## Work request
Find the line with "With the integration" in the data below. Repeat it and every line after it exactly, but not the pictures.

## Dataset extract

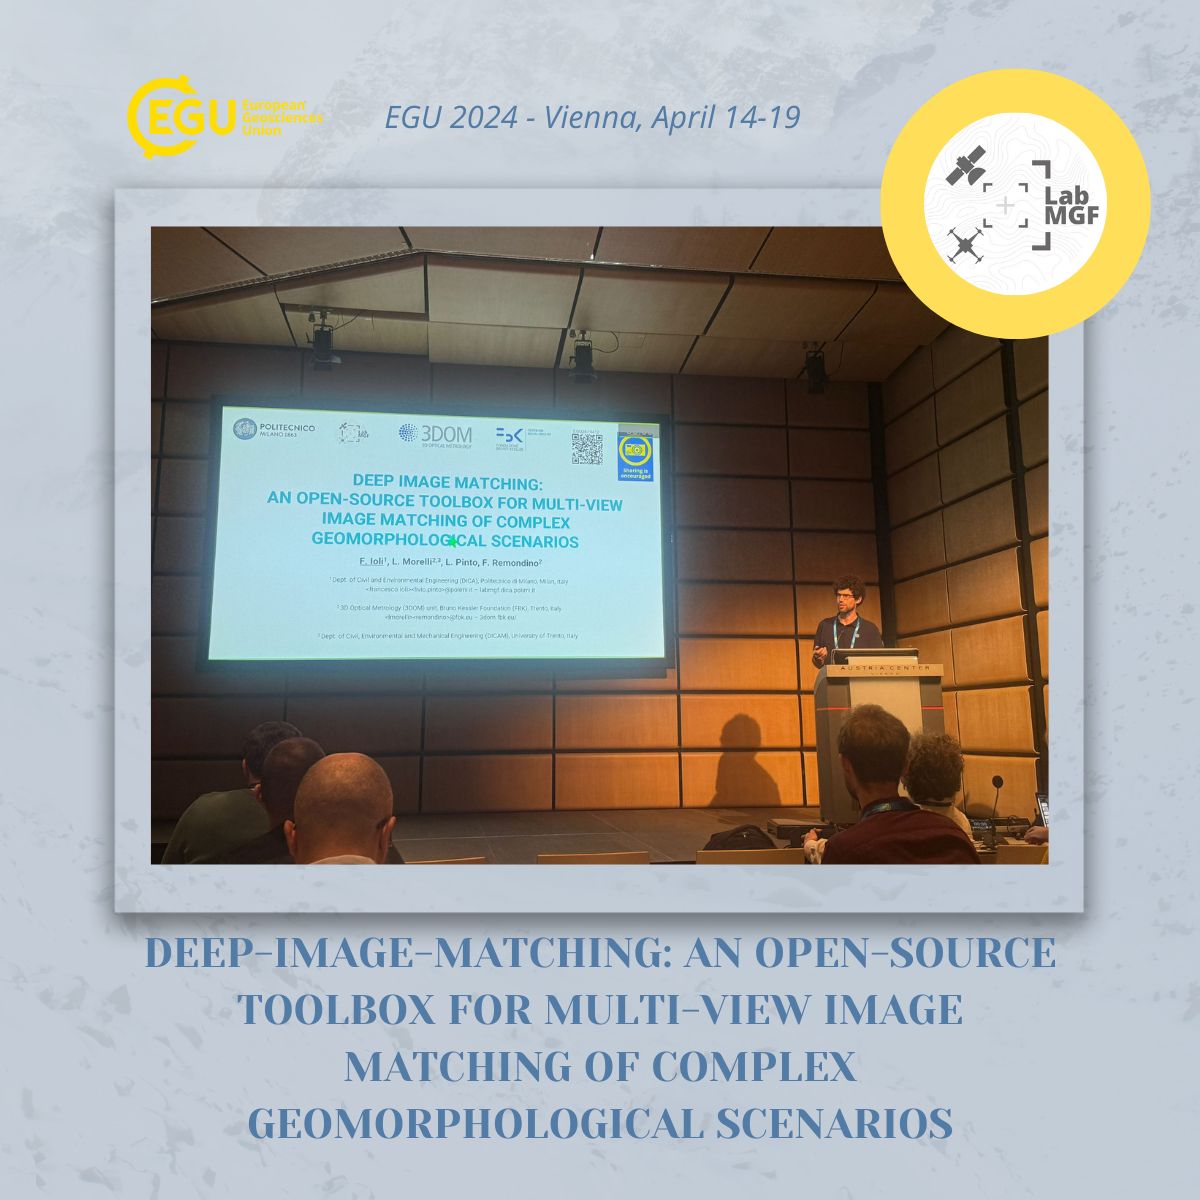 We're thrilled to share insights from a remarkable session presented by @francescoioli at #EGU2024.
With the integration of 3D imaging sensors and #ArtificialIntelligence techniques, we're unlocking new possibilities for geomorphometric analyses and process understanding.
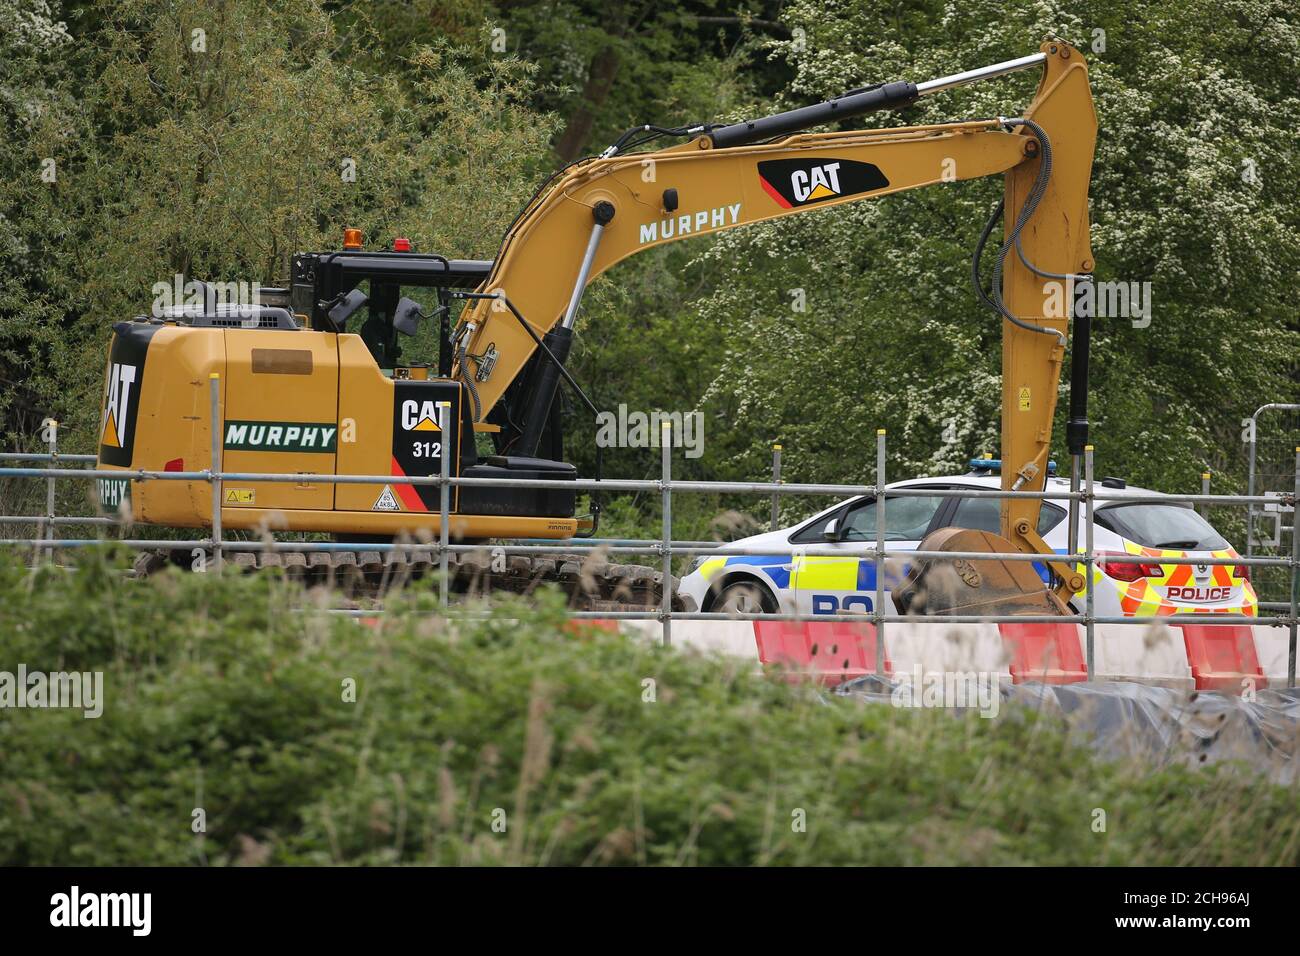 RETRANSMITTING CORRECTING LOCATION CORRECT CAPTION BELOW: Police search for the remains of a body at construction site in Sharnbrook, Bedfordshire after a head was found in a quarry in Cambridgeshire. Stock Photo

## Answer to the exercise
With the integration of 3D imaging sensors and #ArtificialIntelligence techniques, we're unlocking new possibilities for geomorphometric analyses and process understanding.
 RETRANSMITTING CORRECTING LOCATION CORRECT CAPTION BELOW: Police search for the remains of a body at construction site in Sharnbrook, Bedfordshire after a head was found in a quarry in Cambridgeshire. Stock Photo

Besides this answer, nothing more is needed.